● PROVIDED MATERIAL:
—————

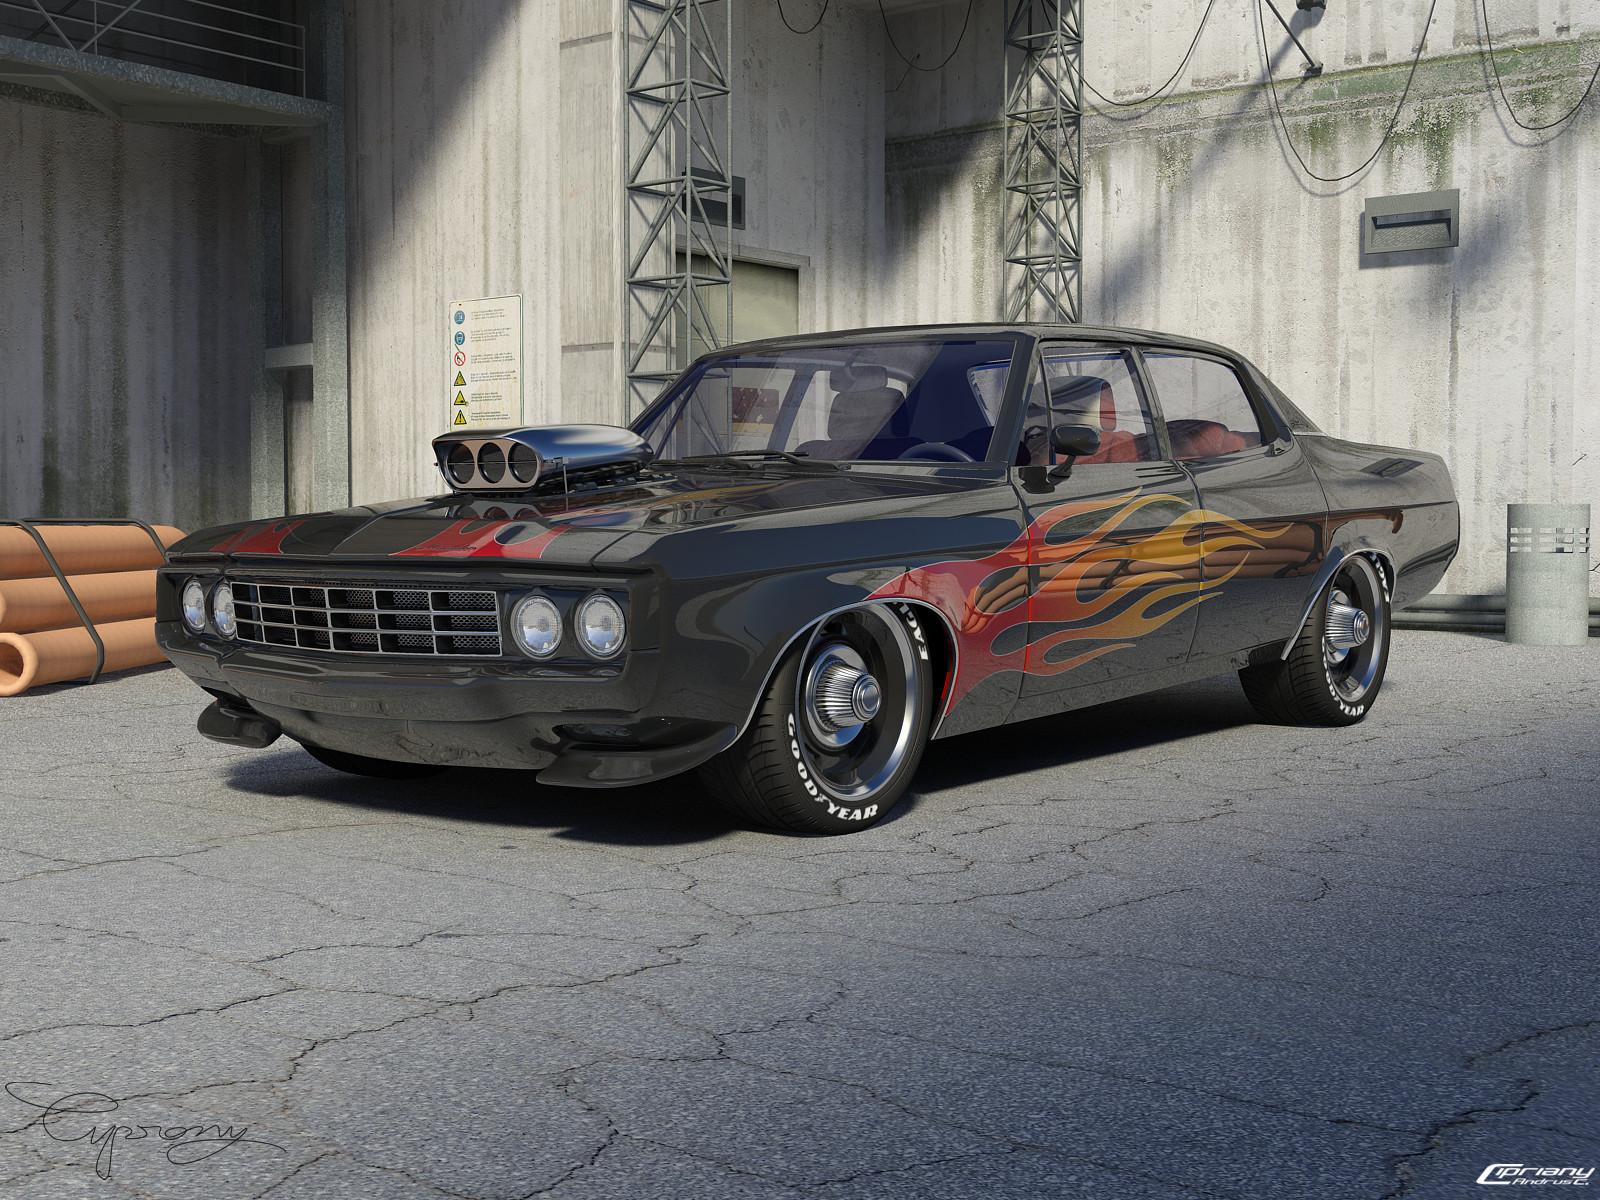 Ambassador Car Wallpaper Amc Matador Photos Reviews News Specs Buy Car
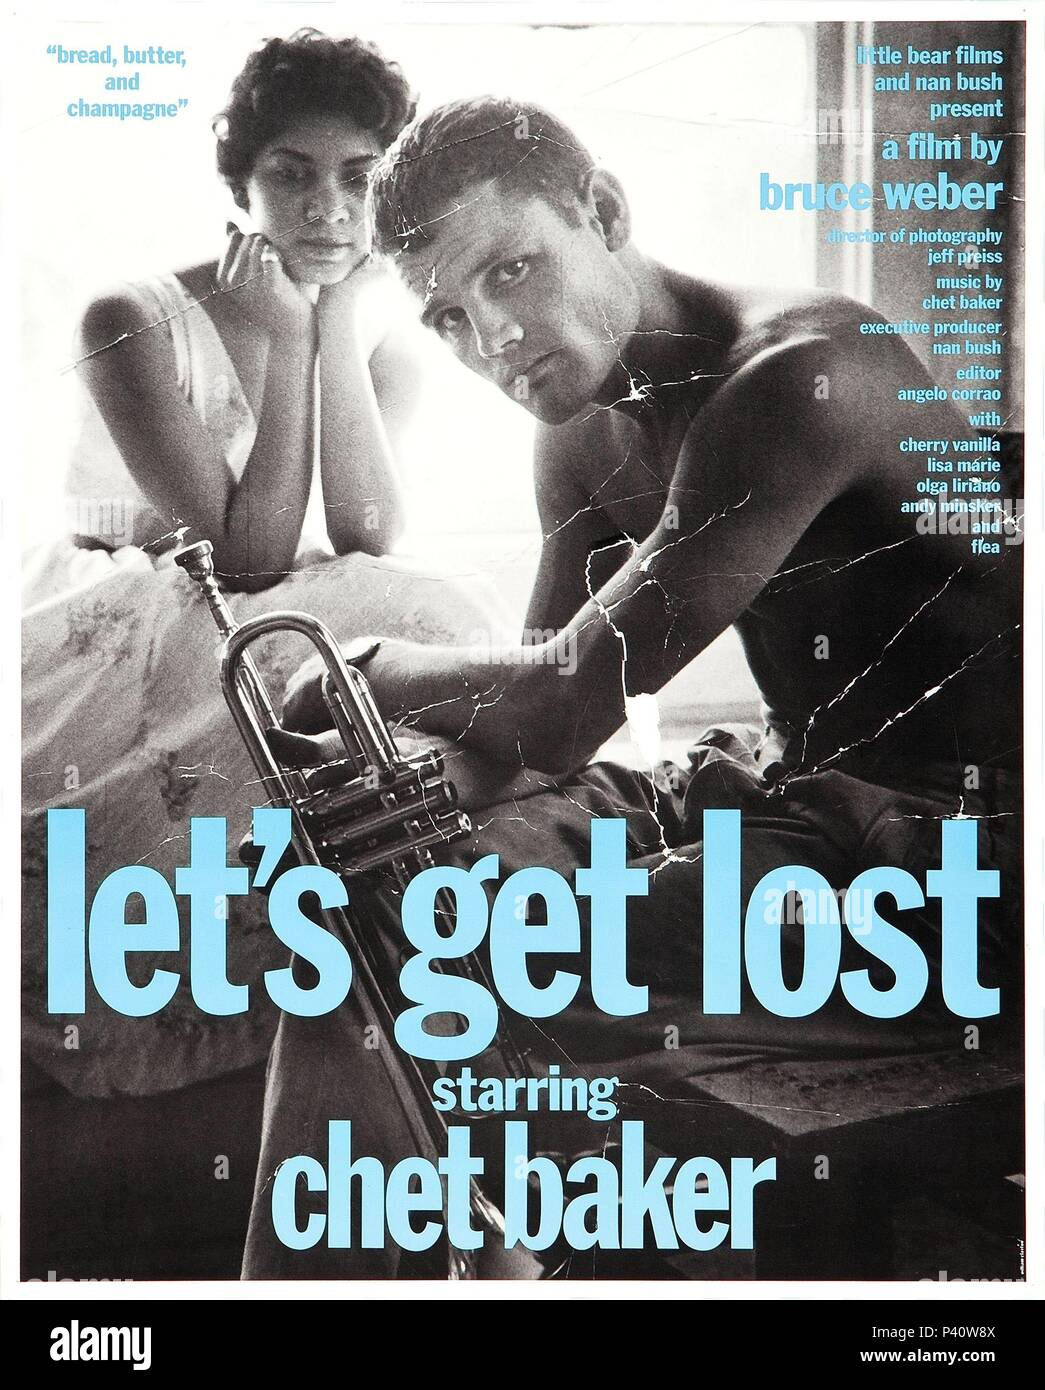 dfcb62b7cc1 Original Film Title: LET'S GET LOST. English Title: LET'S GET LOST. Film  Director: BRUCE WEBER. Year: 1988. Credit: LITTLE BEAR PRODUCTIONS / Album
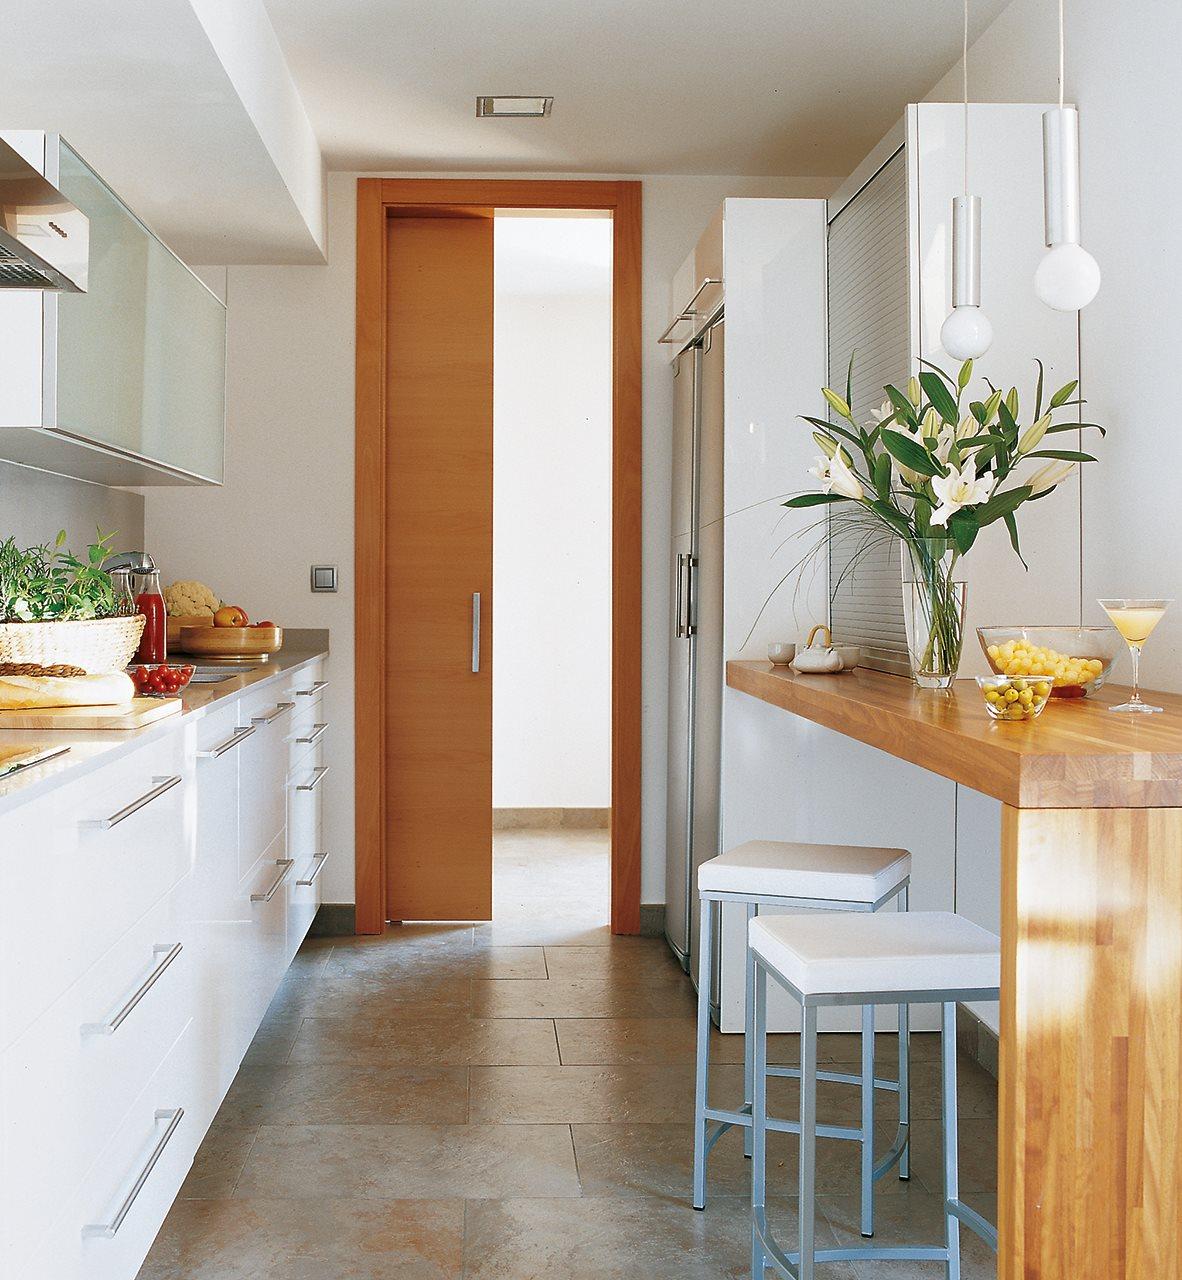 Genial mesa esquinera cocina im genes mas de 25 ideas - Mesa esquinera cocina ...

—————

● WORK TO BE COMPLETED:
Leave out the pictures and give the listing above again exactly.

● COMPLETED TASK:
 Ambassador Car Wallpaper Amc Matador Photos Reviews News Specs Buy Car
 dfcb62b7cc1 Original Film Title: LET'S GET LOST. English Title: LET'S GET LOST. Film  Director: BRUCE WEBER. Year: 1988. Credit: LITTLE BEAR PRODUCTIONS / Album
 Genial mesa esquinera cocina im genes mas de 25 ideas - Mesa esquinera cocina ...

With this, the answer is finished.